# Stainless steel sheet Metal working questions???



## fge

I just accepted a job after a down period. It is not my perfect choice in work but I cannot be choosy at this time and if done correctly this job will be profitable for us.

I am building 10 workstations with 3 sides and a desk top. The units will be 3' X 6' X 4' tall and I am purchasing 4' X 12' Stainless Steel 14 gauge sheets. The specs indicate 14 g Stainless to be laminated over 3/4" cabinet plywood. So the interior of the workstations will have a wilsonart laminate and the exterior will all be Stainless steel.

At the ends of each part the stainless steel will bend around the plywood as such: "U". So using angle iron I will build my own "brake" to make nice even bends.

My one issue will be cutting the Steel. Since they are 4X12 there will be an issue with cross cutting.

The way I want to cross cut is using our newly acquired Vertical Panel Router. If I am able to find a router bit that cuts metal, similar to bits for a Rotozip, I can cross cut with high accuracy.

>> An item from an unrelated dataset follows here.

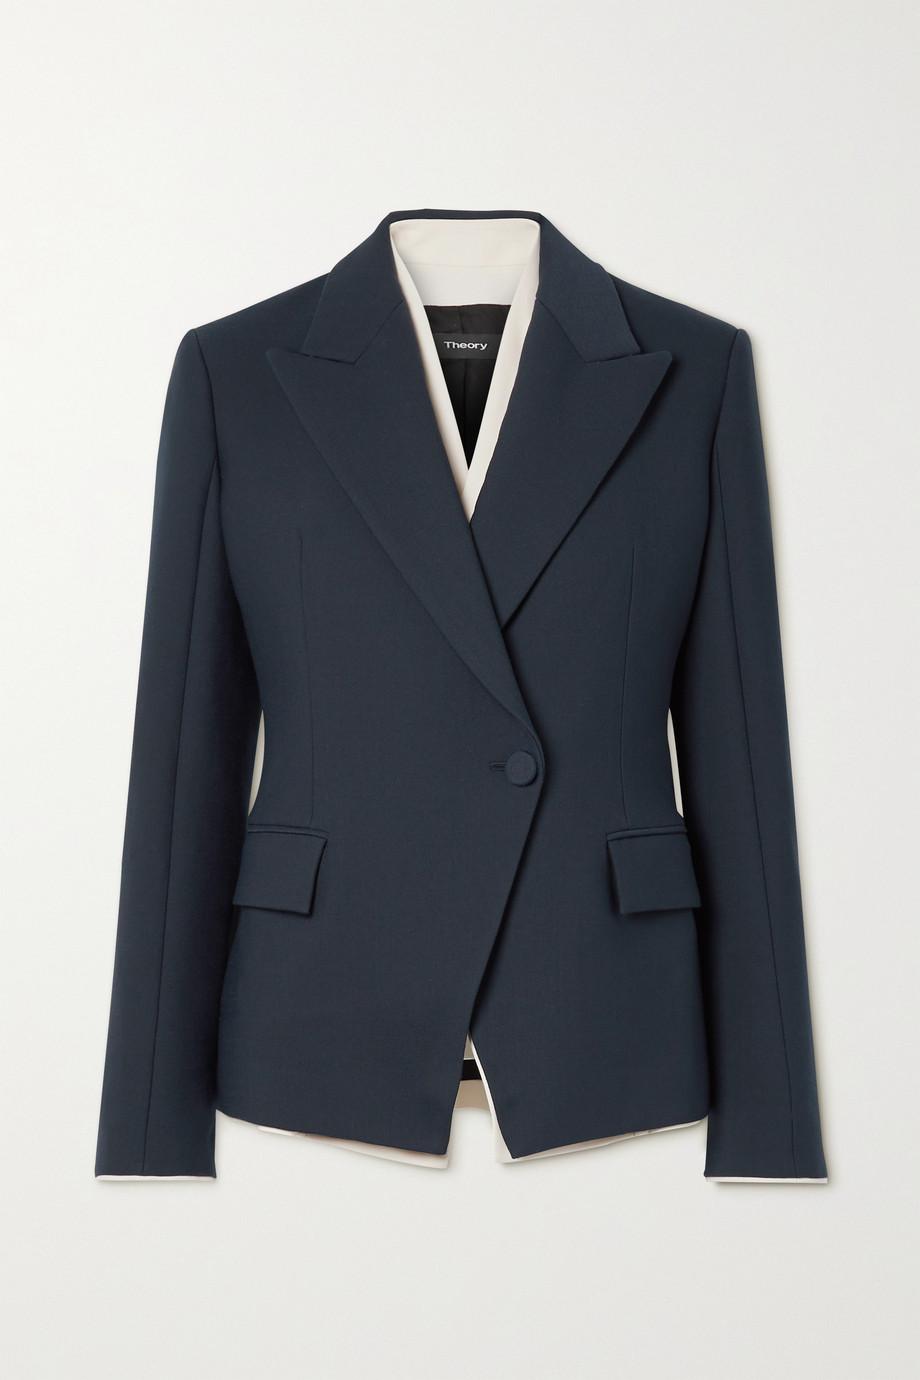 Theory Layered woven blazer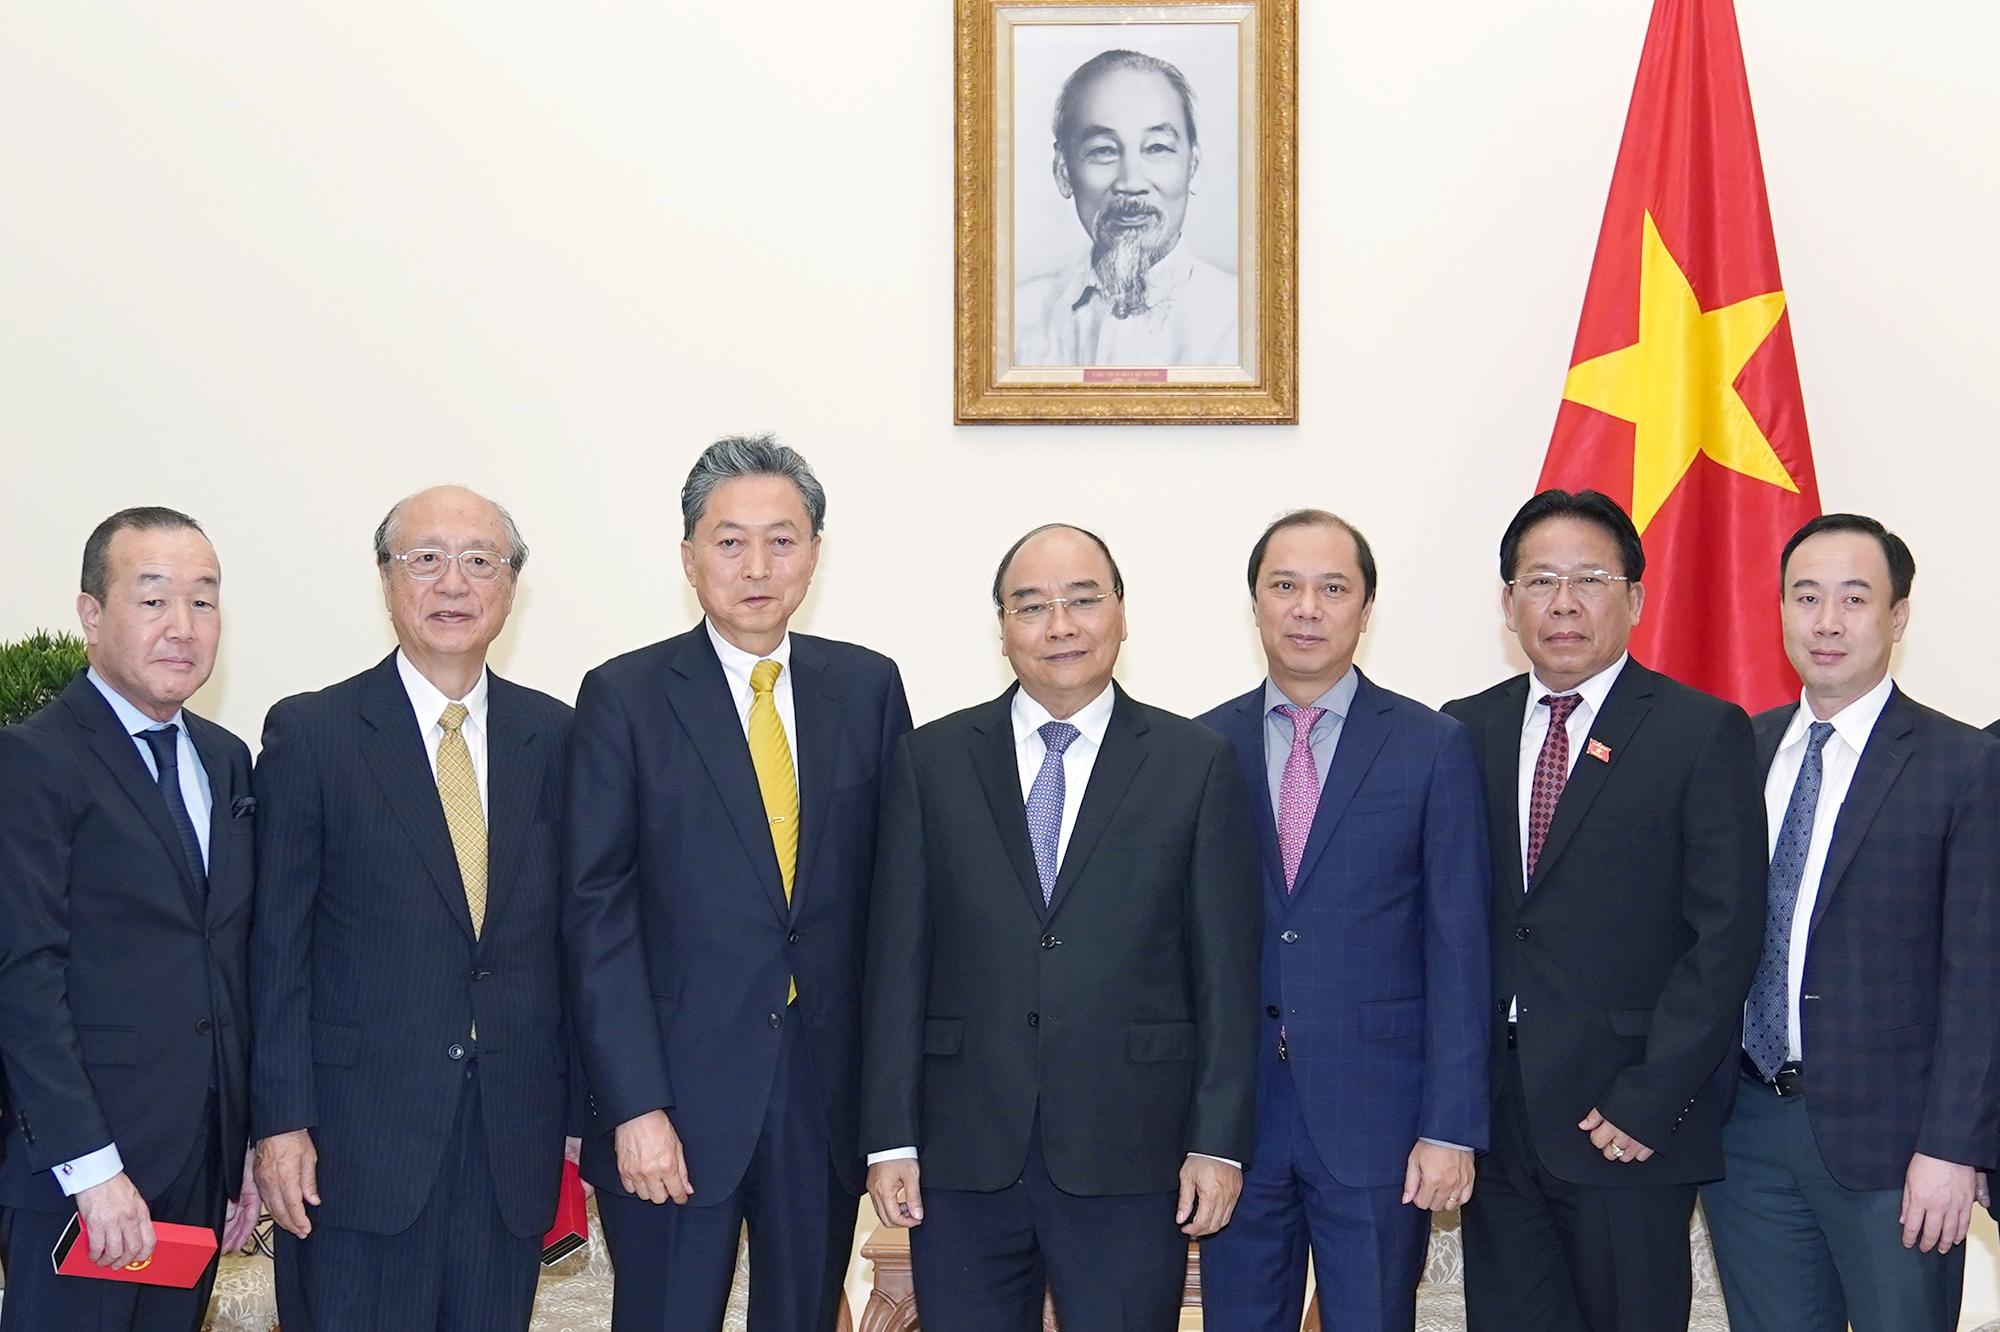 Thúc đẩy hợp tác Việt Nam - Nhật Bản trong nhiều lĩnh vực

I have considered maybe simply mounting my jigsaw to the Verticle Panel Router sled and use a fine metal cutting blade and let the sled make the cut very straight.

Then I have also considered mounting my circular saw to the Panel Router sled and using an abrasive blade. But that would mean some fairly moderate modifications to the Panel Router sled. I am thinking the jigsaw will mount very easy just using a few self tapper screws.

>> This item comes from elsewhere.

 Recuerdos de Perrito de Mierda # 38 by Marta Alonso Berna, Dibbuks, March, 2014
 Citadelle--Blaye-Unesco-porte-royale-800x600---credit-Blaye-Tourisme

I don't have the funds available to buy any Shearing machinery and the initial draw will not be enough to outsource any shearing services so I hope to do all of my own cutting.


----------



## wiswood2

I was a sheet metal worker for 40 years and you better take a look at the 14 ga.ss be four you buy it and see what you are getting your self in to . there is no way you are going to bend it with a home made break out of angle iron .14 guage is a little under 1/8 in thick.I wish you luck.
Chuck


----------



## Charlie5791

The problem you're going to have with cutting it is that you need a thin blade and you have to cut fast. Any dilly dallying and you'll blue the stainless and you won't be able to just polish it out. I've cut it with an angle grinder and a thin abrasive wheel. You could *probably* find a thin wheel that'd fit a circular saw. A fine blade on a jig saw will probably work, but it will look like crap and you'll have a lot of cleaning up to do.

Keys are thin and fast.

You could also run this to a sheet metal shop and have them shear it and it would probably cost you less than buying an angle grinder and wheels 

AND you'd have a nice clean cut. Heck, get them to brake it for ya. Cheap and fast and you concentrate on what YOU do best and have the equipment for.

Adhering the stainless to plywood…. clean that stainless REAL well. Get any oil off of it and then rinse it and dry it and then wipe it all down with DNA or Isopropyl. Liquid nails makes a polyurethane adhesive version and that works great bonding stainless to wood. You could use Sika Flex or 3M 5200. You want a true poly adhesive. These are not gorilla glue. Oh and abrade the stainless with 60 or 80 grit.


----------



## fge

Thanks Chuck. Approx what thickness is 20 gauge? I am going to ask if 20 g can be used as 14 g seems over kill. This will be for the border patrol.


----------



## fge

I use a commercial grade contact cement spray that comes in a large propane style tank. I am not at the shop right now and I cannot remember the name but I can say it is some of the strongest glue for laminate and other types of glueing together. The glue is sprayed to both mating parts and air dry a short period of time and the two surfaces make immediate contact. Very easy stuff to work with and sprays on nicely with the gun we own.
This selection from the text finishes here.